[Opening Extracted information section]

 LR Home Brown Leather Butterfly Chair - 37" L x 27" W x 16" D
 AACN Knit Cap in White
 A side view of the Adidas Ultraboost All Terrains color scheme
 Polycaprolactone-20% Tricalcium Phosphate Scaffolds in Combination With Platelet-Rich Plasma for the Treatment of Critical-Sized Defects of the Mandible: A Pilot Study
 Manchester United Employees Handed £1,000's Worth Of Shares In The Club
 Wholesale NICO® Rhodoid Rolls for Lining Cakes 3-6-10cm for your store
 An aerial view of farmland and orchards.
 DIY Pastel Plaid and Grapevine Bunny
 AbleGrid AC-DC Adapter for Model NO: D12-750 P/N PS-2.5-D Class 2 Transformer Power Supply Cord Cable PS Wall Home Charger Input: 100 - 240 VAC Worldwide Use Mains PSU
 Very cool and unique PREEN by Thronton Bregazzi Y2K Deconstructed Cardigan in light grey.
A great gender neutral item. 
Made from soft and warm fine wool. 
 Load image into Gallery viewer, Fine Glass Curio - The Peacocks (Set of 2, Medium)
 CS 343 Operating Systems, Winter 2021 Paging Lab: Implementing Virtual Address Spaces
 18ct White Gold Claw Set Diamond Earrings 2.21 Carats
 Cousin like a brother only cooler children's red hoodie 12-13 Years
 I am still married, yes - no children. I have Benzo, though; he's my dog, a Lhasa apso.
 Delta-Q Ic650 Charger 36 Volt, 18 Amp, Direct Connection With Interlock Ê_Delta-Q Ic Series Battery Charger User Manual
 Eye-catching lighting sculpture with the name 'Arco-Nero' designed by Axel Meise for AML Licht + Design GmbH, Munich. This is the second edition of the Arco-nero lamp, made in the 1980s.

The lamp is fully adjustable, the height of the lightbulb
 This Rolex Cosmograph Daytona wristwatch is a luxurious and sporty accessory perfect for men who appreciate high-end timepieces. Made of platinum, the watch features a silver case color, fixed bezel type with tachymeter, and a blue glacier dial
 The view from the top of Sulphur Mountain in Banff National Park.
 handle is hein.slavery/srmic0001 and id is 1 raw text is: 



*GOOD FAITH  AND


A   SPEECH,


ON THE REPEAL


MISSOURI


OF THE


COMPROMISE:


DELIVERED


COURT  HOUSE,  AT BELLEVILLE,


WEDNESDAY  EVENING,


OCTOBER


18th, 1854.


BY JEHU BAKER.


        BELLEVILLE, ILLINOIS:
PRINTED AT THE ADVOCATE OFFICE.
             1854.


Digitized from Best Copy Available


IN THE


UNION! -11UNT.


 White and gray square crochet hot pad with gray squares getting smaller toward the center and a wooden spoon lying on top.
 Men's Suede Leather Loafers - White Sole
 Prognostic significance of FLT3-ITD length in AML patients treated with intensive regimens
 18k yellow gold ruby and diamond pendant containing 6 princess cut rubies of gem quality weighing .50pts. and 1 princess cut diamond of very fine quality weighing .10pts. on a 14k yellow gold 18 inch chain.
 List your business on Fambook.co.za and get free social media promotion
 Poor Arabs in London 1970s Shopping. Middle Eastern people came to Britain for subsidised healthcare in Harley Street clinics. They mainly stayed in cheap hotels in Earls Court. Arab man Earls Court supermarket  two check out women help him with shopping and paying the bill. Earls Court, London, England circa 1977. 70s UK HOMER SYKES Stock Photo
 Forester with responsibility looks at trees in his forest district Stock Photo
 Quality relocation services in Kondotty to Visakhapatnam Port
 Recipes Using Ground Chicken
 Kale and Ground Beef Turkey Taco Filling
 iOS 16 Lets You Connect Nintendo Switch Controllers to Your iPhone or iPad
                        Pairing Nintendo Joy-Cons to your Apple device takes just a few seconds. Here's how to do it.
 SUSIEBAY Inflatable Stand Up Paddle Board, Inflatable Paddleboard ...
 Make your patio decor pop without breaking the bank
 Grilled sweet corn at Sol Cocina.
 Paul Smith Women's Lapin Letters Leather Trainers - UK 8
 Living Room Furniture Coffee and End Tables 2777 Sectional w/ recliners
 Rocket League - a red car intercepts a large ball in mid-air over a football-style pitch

[Closing Extracted information section]

» Problem: What is needed is an exact copy of the entries from their first line down to the line with "Polycaprolactone-20% Tricalcium Phosphate", that line included, and nothing beyond it.

» Solution for this task:
 LR Home Brown Leather Butterfly Chair - 37" L x 27" W x 16" D
 AACN Knit Cap in White
 A side view of the Adidas Ultraboost All Terrains color scheme
 Polycaprolactone-20% Tricalcium Phosphate Scaffolds in Combination With Platelet-Rich Plasma for the Treatment of Critical-Sized Defects of the Mandible: A Pilot Study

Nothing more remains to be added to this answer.